What is needed —
Copy out exactly the lines spanning the line with "Le Château Guillaume-le-Conquérant" to the line with "GESCHICHTEN DER BIBEL: 14.3", inclusive, from the data underneath, with no pictures.

Input data —
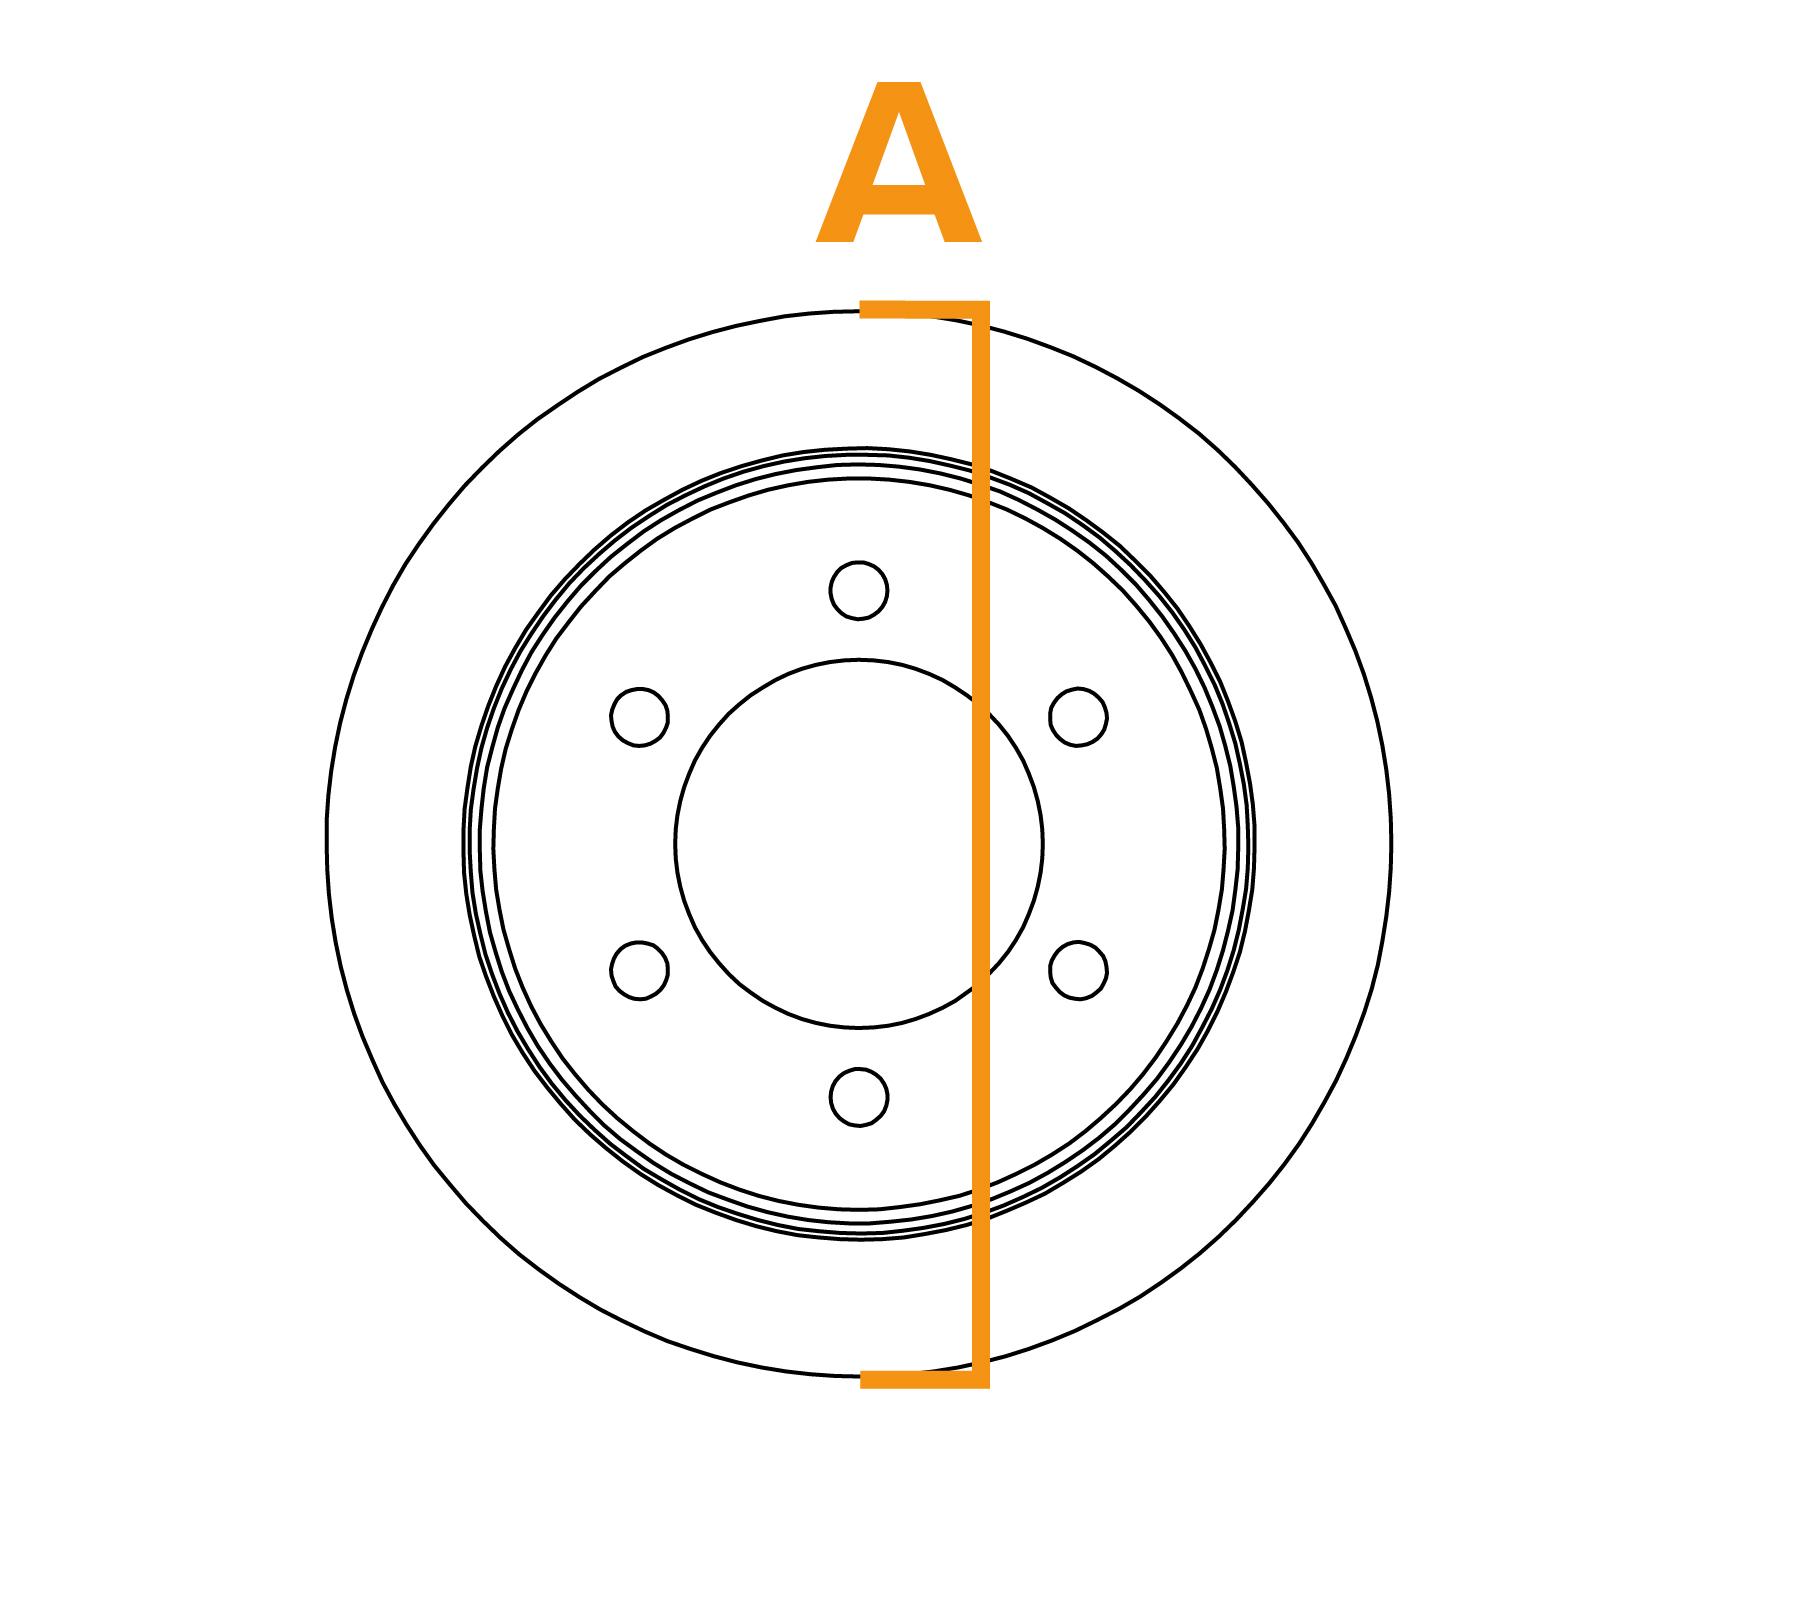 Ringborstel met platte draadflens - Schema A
==
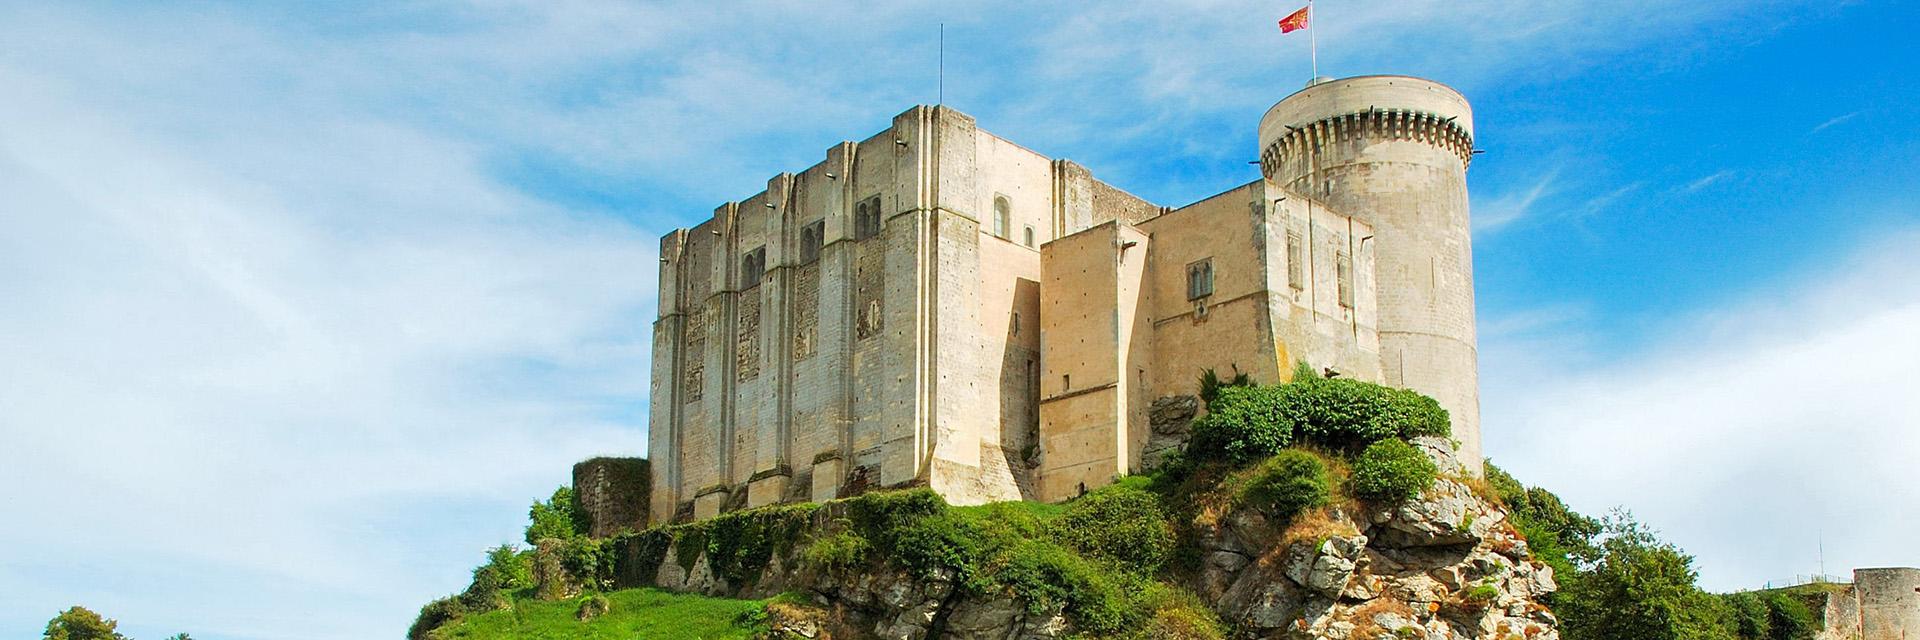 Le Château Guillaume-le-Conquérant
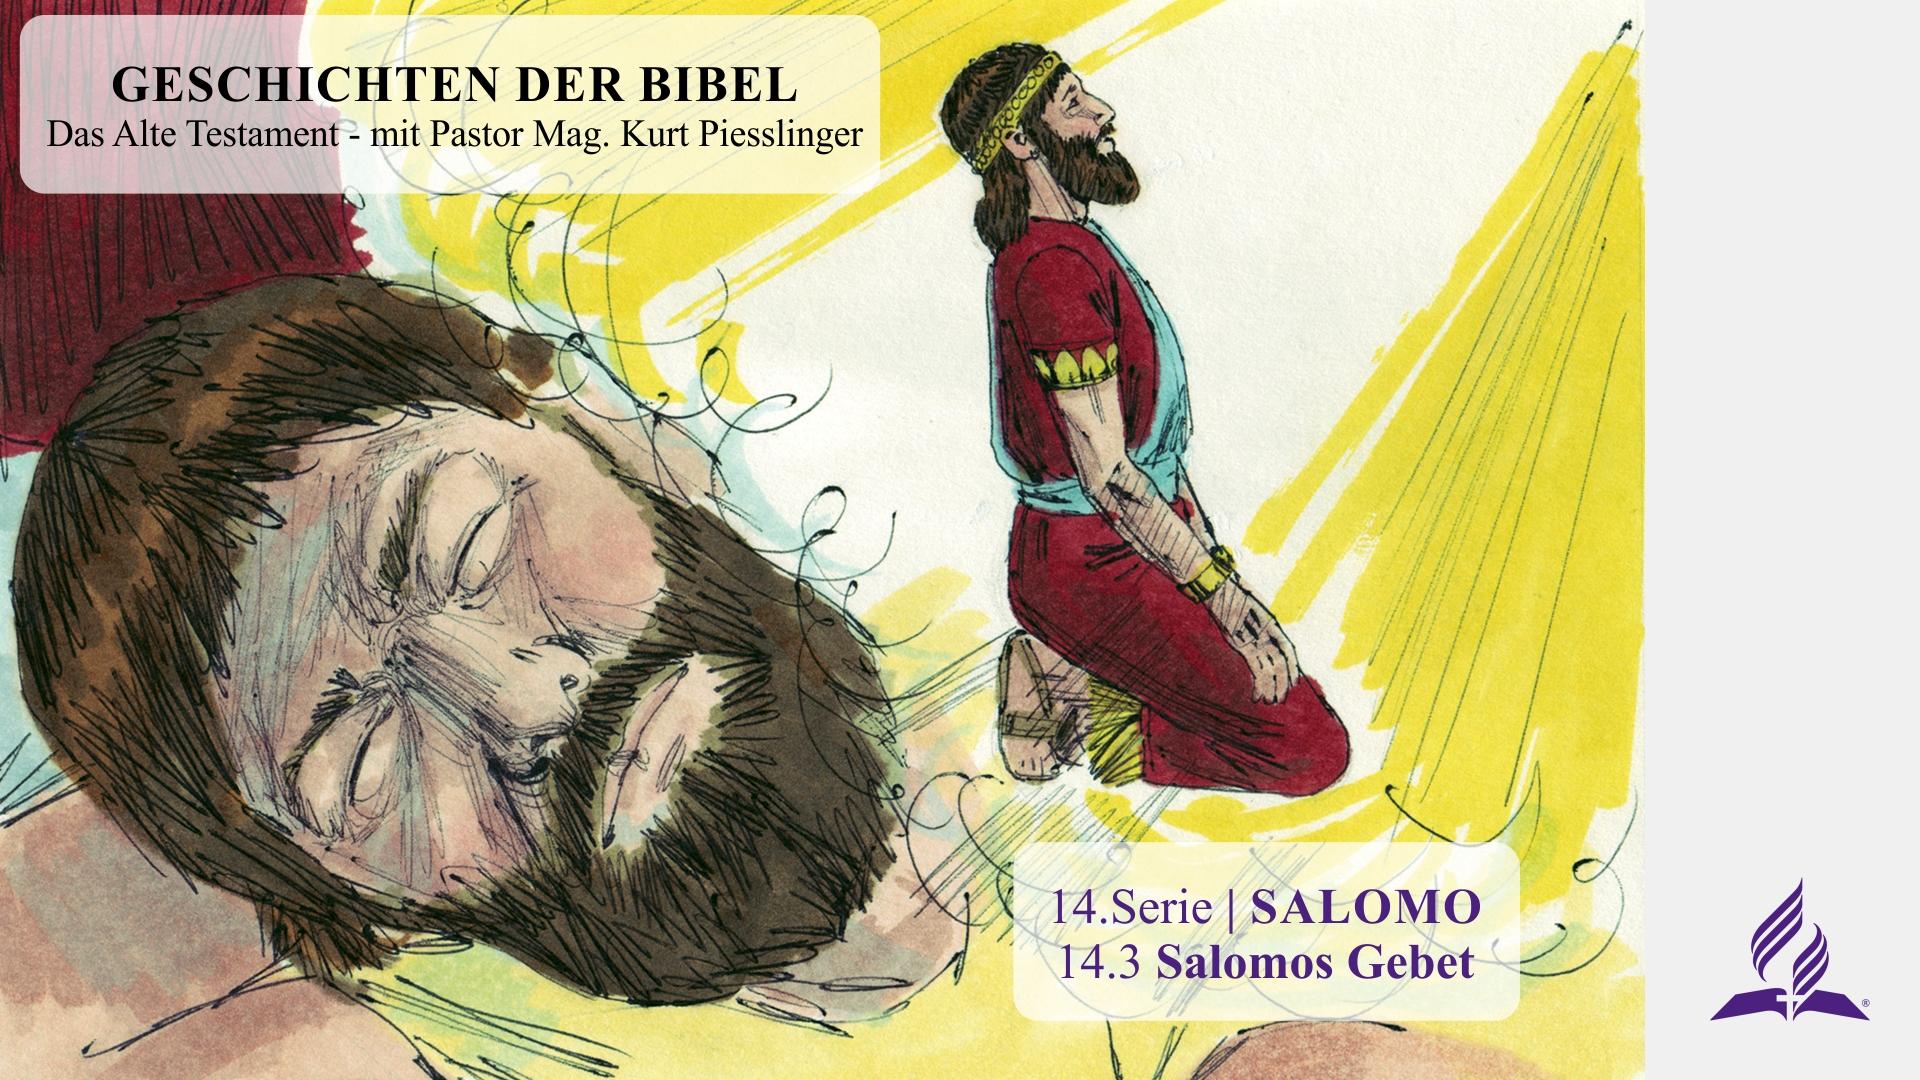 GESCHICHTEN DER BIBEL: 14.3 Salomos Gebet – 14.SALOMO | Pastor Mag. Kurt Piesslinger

Your solution —
 Le Château Guillaume-le-Conquérant
 GESCHICHTEN DER BIBEL: 14.3 Salomos Gebet – 14.SALOMO | Pastor Mag. Kurt Piesslinger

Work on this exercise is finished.